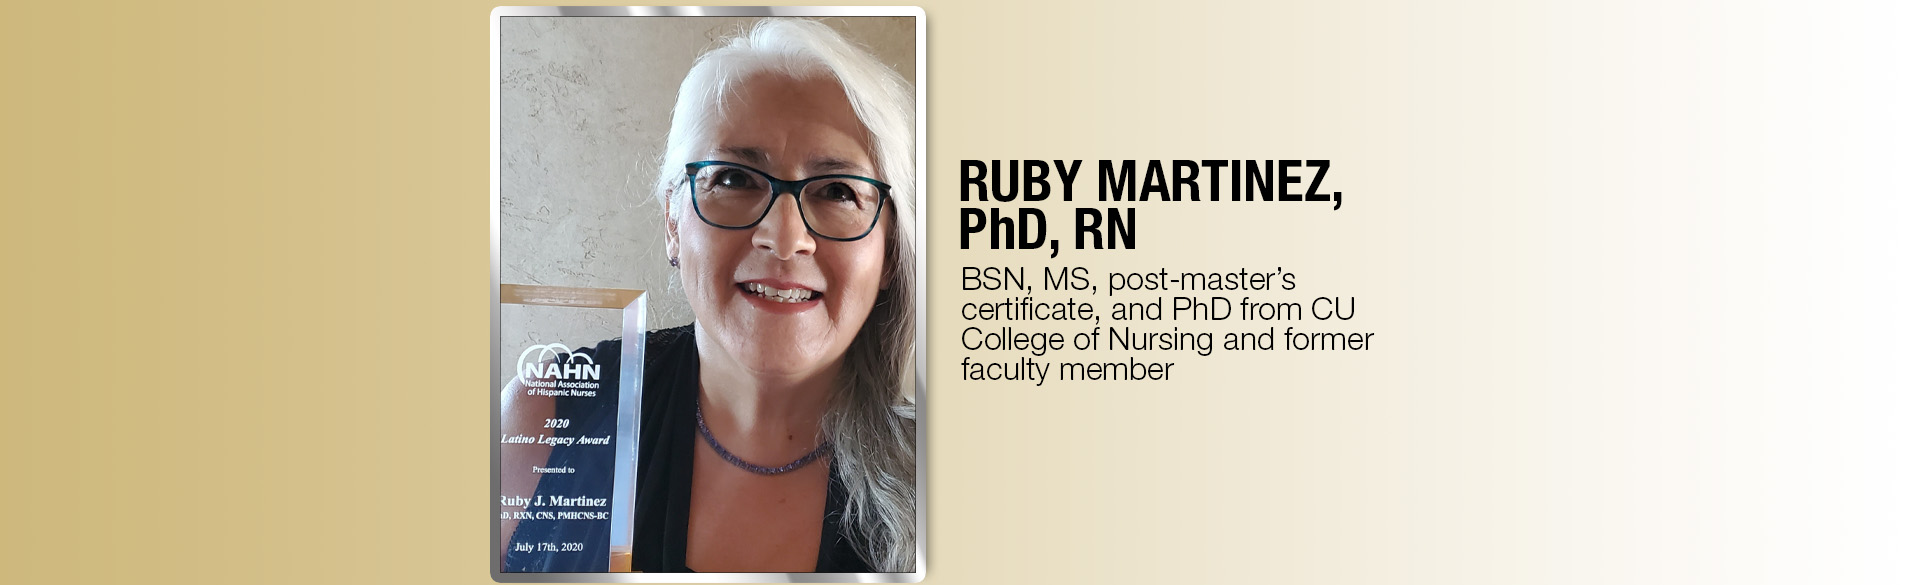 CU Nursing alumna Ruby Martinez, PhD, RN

--

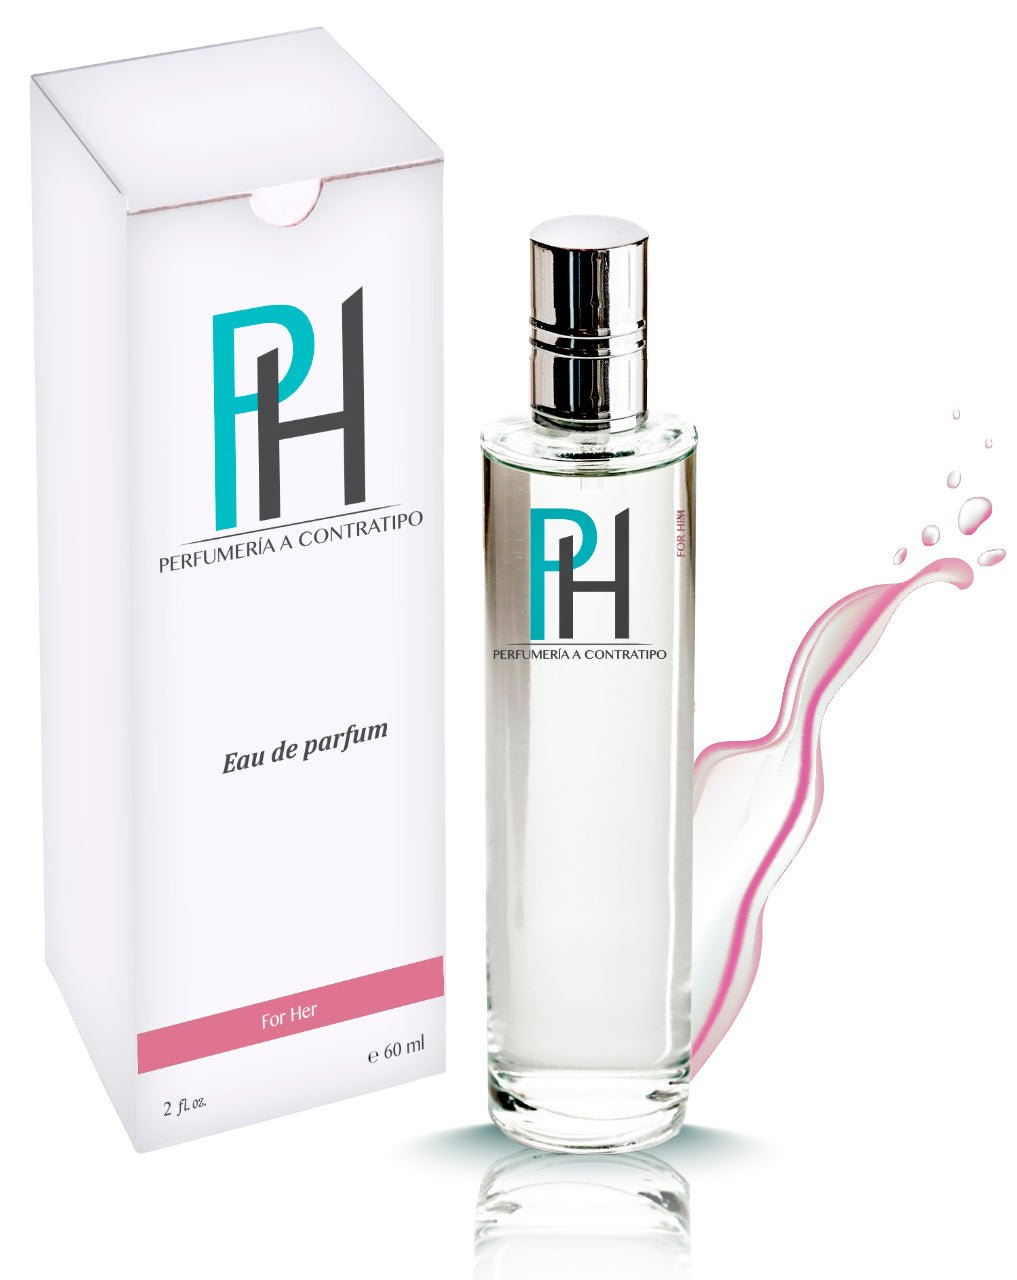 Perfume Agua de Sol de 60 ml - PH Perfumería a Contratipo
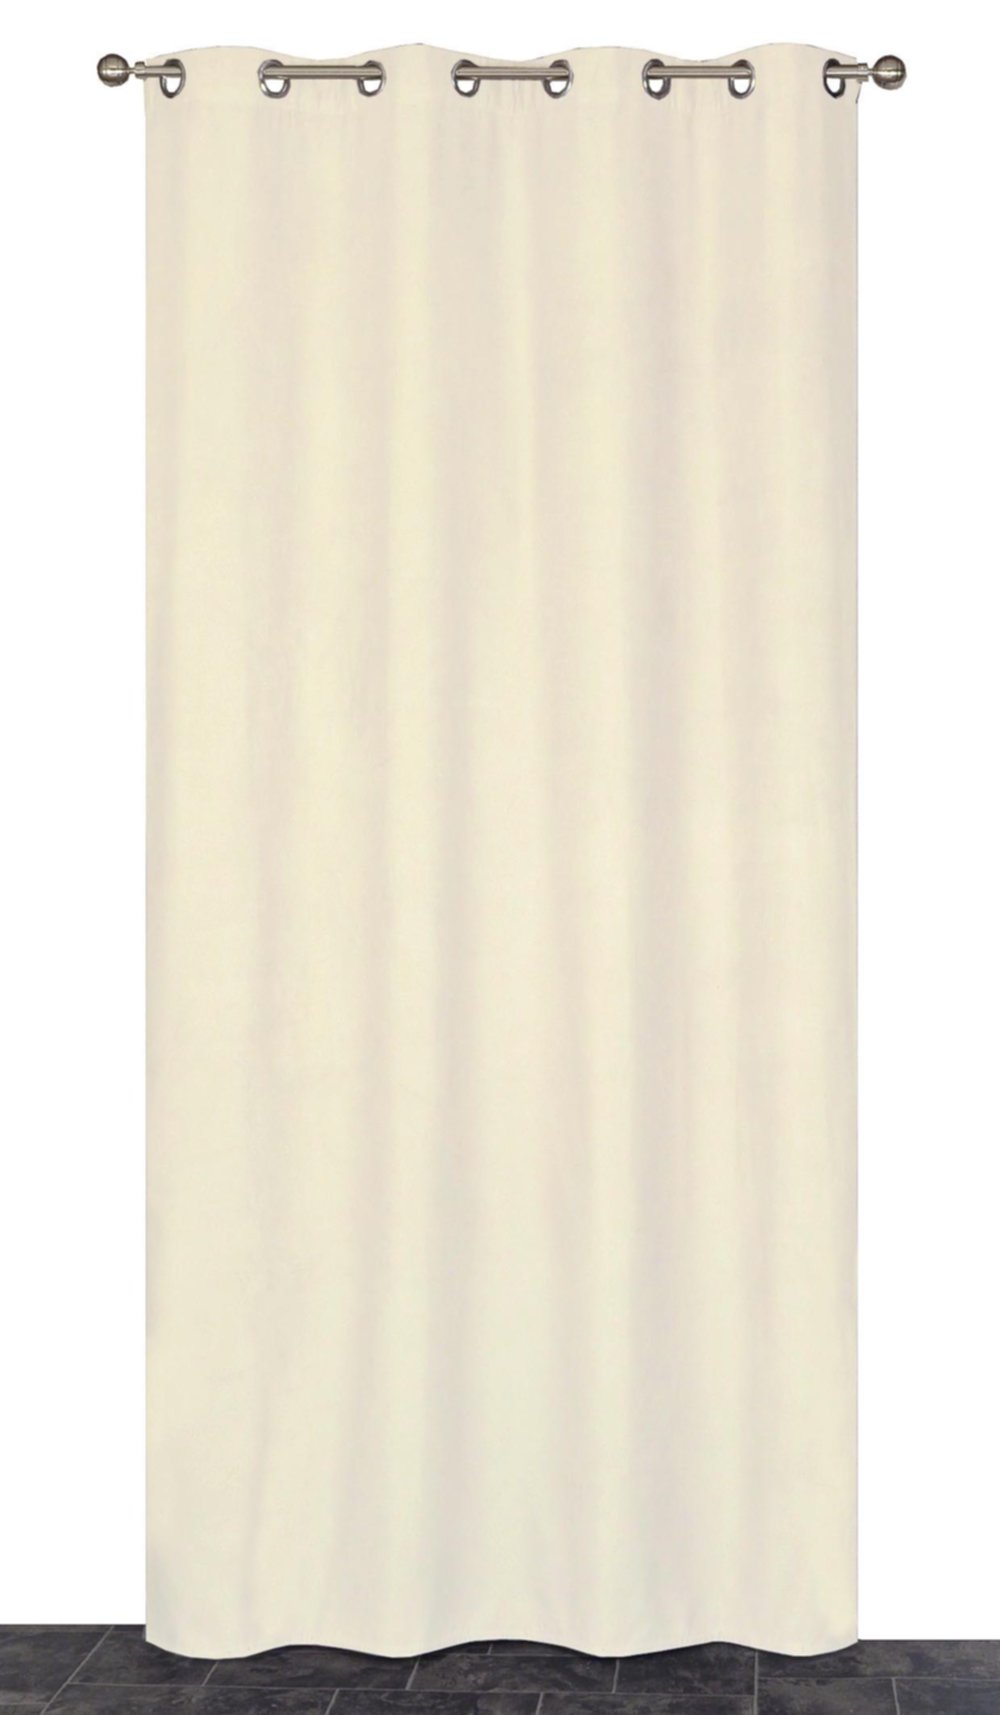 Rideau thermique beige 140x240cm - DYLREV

...

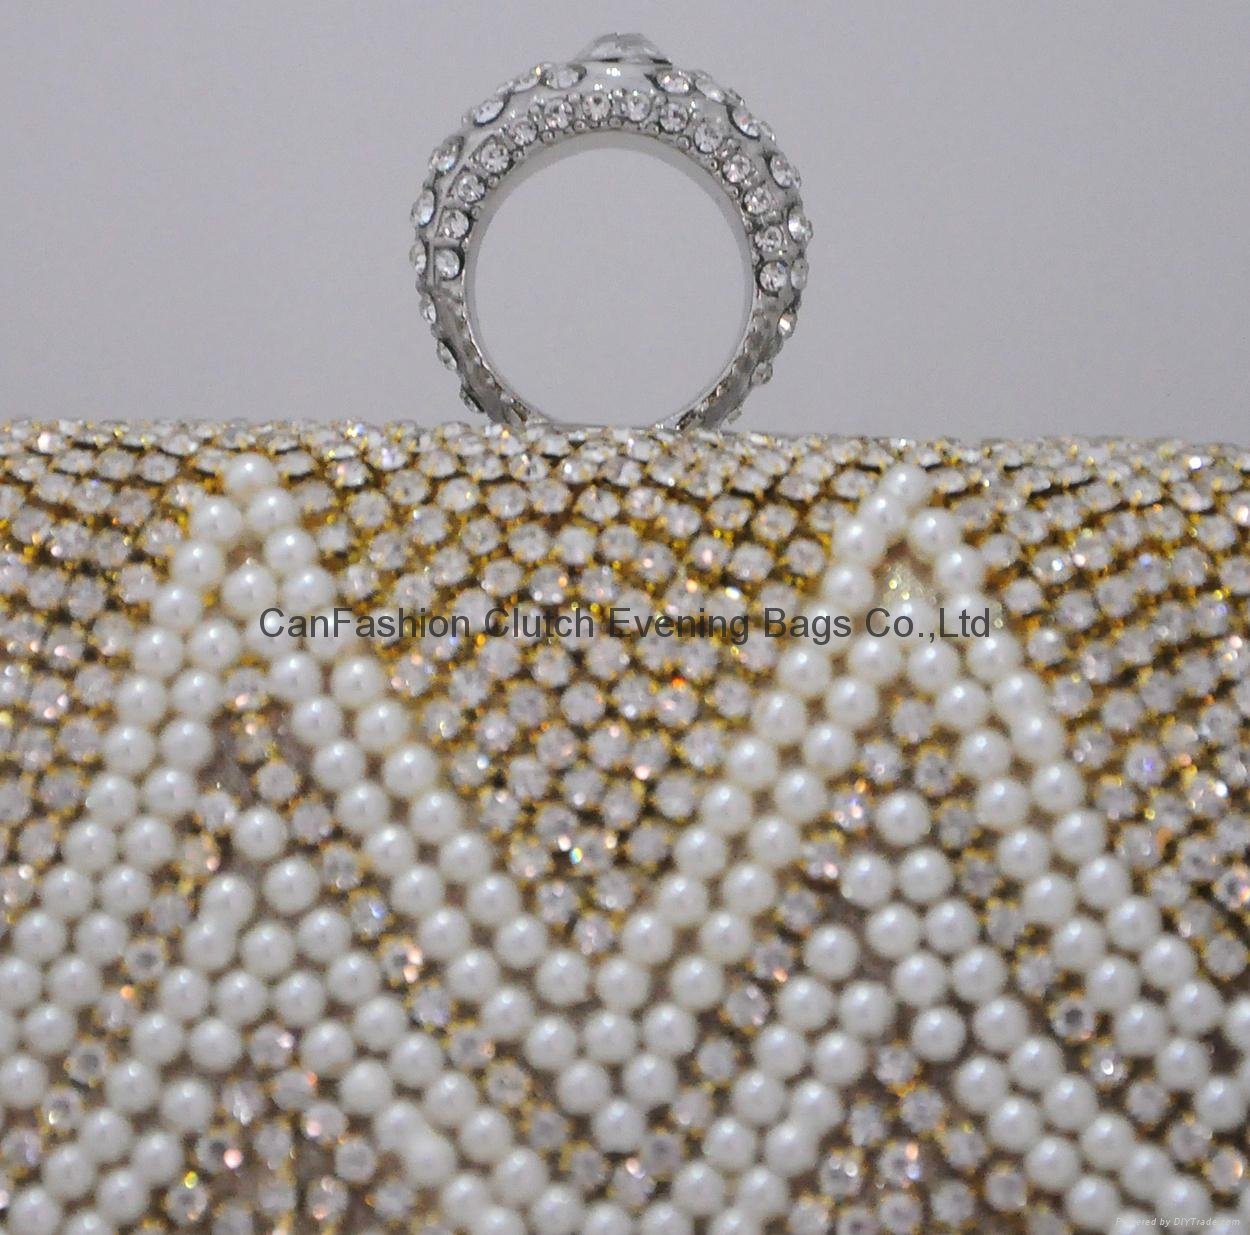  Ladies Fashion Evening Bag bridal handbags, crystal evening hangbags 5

§ **REQUIRED WORK**: Output exactly the lines above, beginning at the one with "Perfume Agua de" and stopping after the one with "Rideau thermique beige 140x240cm - DYLREV". Pictures are to be omitted.

§ **SOLUTION TO THIS TASK**:
 Perfume Agua de Sol de 60 ml - PH Perfumería a Contratipo
 Rideau thermique beige 140x240cm - DYLREV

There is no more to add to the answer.